After such a large jump in price, given close to half the companies in the United States have price-to-earnings ratios (or "P/E's") below 18x, you may consider Corning as a stock to avoid entirely with its 68.8x P/E ratio. Nonetheless, we'd need to dig a little deeper to determine if there is a rational basis for the highly elevated P/E.

With earnings growth that's superior to most other companies of late, Corning has been doing relatively well. It seems that many are expecting the strong earnings performance to persist, which has raised the P/E. If not, then existing shareholders might be a little nervous about the viability of the share price.

View our latest analysis for Corning

NYSE:GLW Price to Earnings Ratio vs Industry August 9th 2025
Keen to find out how analysts think Corning's future stacks up against the industry? In that case, our free report is a great place to start.

Does Growth Match The High P/E?

The only time you'd be truly comfortable seeing a P/E as steep as Corning's is when the company's growth is on track to outshine the market decidedly.

Retrospectively, the last year delivered an exceptional 87% gain to the company's bottom line. Still, incredibly EPS has fallen 60% in total from three years ago, which is quite disappointing. Accordingly, shareholders would have felt downbeat about the medium-term rates of earnings growth.

Shifting to the future, estimates from the nine analysts covering the company suggest earnings should grow by 45% per annum over the next three years. That's shaping up to be materially higher than the 11% per annum growth forecast for the broader market.

With this information, we can see why Corning is trading at such a high P/E compared to the market. It seems most investors are expecting this strong future growth and are willing to pay more for the stock.

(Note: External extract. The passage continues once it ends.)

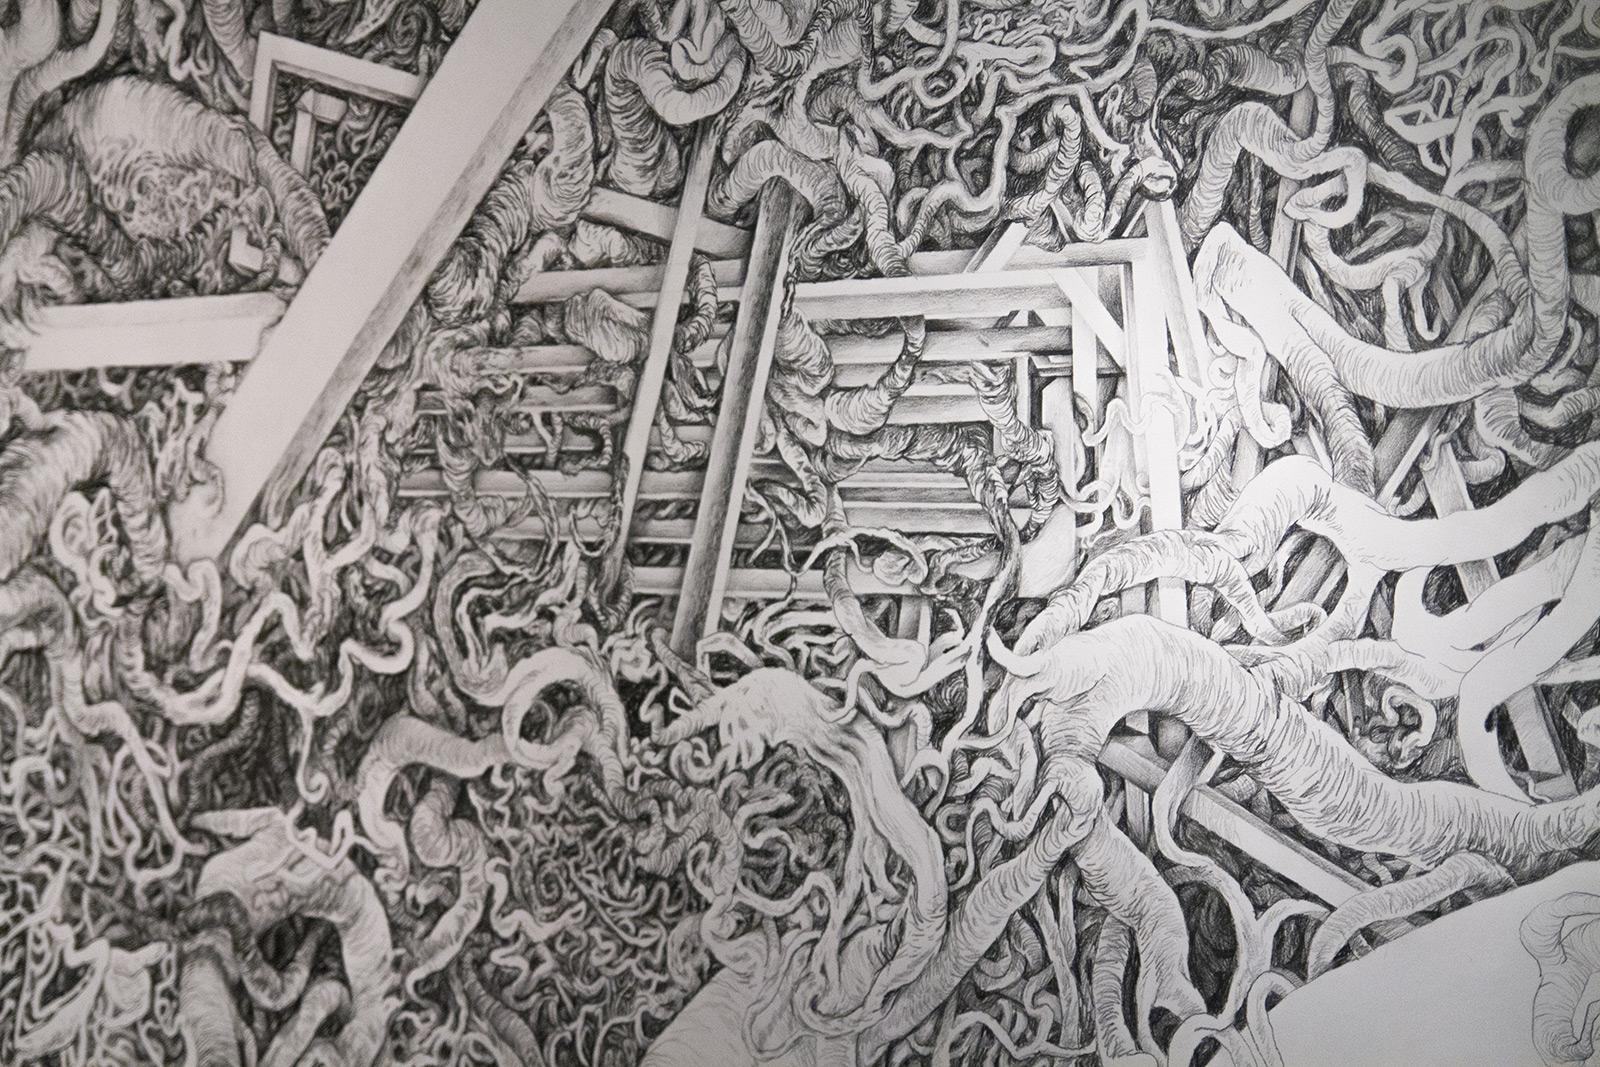 Symbiosis, 2013 (Detail)

What We Can Learn From Corning's P/E?

The strong share price surge has got Corning's P/E rushing to great heights as well. Generally, our preference is to limit the use of the price-to-earnings ratio to establishing what the market thinks about the overall health of a company.

As we suspected, our examination of Corning's analyst forecasts revealed that its superior earnings outlook is contributing to its high P/E. At this stage investors feel the potential for a deterioration in earnings isn't great enough to justify a lower P/E ratio. It's hard to see the share price falling strongly in the near future under these circumstances.

It's always necessary to consider the ever-present spectre of investment risk. We've identified 3 warning signs with Corning, and understanding these should be part of your investment process.

It's important to make sure you look for a great company, not just the first idea you come across. So take a peek at this free list of interesting companies with strong recent earnings growth (and a low P/E).

Valuation is complex, but we're here to simplify it.

Discover if Corning might be undervalued or overvalued with our detailed analysis, featuring fair value estimates, potential risks, dividends, insider trades, and its financial condition.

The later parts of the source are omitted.